What was life like for the average citizen during the Spanish Civil War? How did the lives of those in Republican zones differ to those in Nationalist areas? We you expected to enlist in the army?

by ClitDoctorMD
Domini_canes

Your experience of the war would vary greatly depending on a number of factors. I can't possibly cover all such variables, but I can give you some generalities.

On both sides of the war there was a great deal of economic and logistical dislocation and difficulty. Supplies were logically funneled to the soldiers at the front, but both sides experienced a good deal of difficulty in procuring and transporting essential items--food, ammunition, and the like. This was particularly true in the Republican zone, which increasingly faced hunger as a major issue. There would have been strong pressure to join some sort of military unit, but likely not the regular military. Instead, local militias were created by the various factions in the war. In the Republican zone, these militias could be Communist, Trotskyist (as was the one George Orwell joined), Anarchist, or others as well. In the Nationalist zone you were likely to join a Carlist militia or a Falangist (Fascist) one.

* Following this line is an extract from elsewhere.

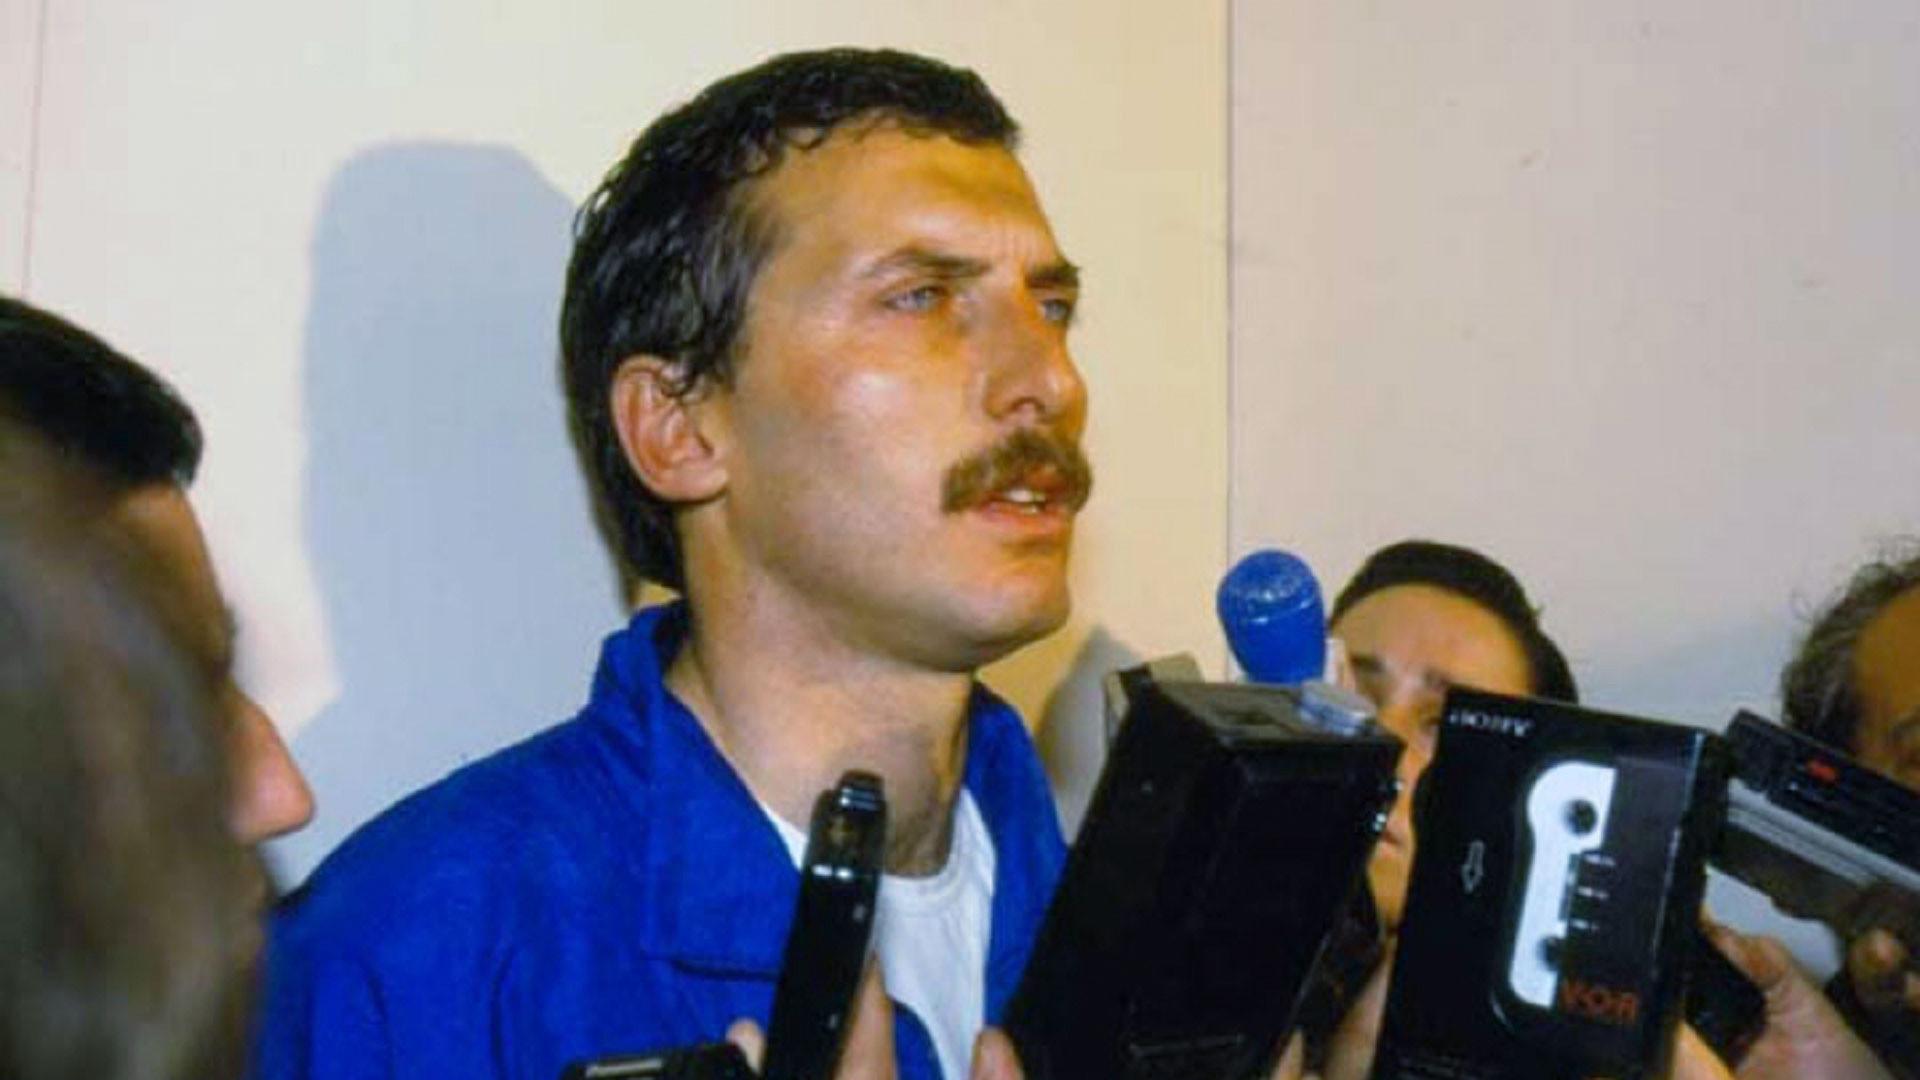 Hablando con la prensa tras el episodio. Macri estuvo cautivo durante 12 días en un sótano en el Bajo Flores.

In either zone you might join up simply to cover your own opposite political leanings. You would join because sometimes the alternative was being the likely victim of a murder squad, and proving your credentials would at least give you a chance at living. There were holdouts of people in the other faction's territory--Nationalists in the Republican zone or Republicans in the Nationalist zone--but the danger was quite high if your political feelings were known before the war. Paul Preston cites nearly 200,000 people murdered behind the lines during the war, matching the number of soldiers killed. You could be killed for being a union member, schoolteacher, belonging to a political party, or being a relative of any of the previous groups if your region fell to the Nationalists. If you were in the Republican zone, it was dangerous to be a landowner, industrialist, monarchist, a member of a religious group, or even merely Catholic. The Spanish Civil War saw 6,832 priests and religious murdered--the largest such bloodletting since the Catholic Church's inception. (Jose M. Sanchez, *The Spanish Civil War as a Religious Tragedy, pg 8) The violence against noncombatants was ongoing and widespread in both zones--with militia units carrying out ideological purges behind the lines in both areas.

Paul Preston's The Spanish Holocaust is quite new, and quite excellent. It covers the ideological components particularly well, as well as incorporating recent research into the issue. The aforementioned Sanchez book is the best english language coverage of anticlerical violence in the war, and is remarkably unbiased given the topic.

Followup questions by OP and others are always encouraged.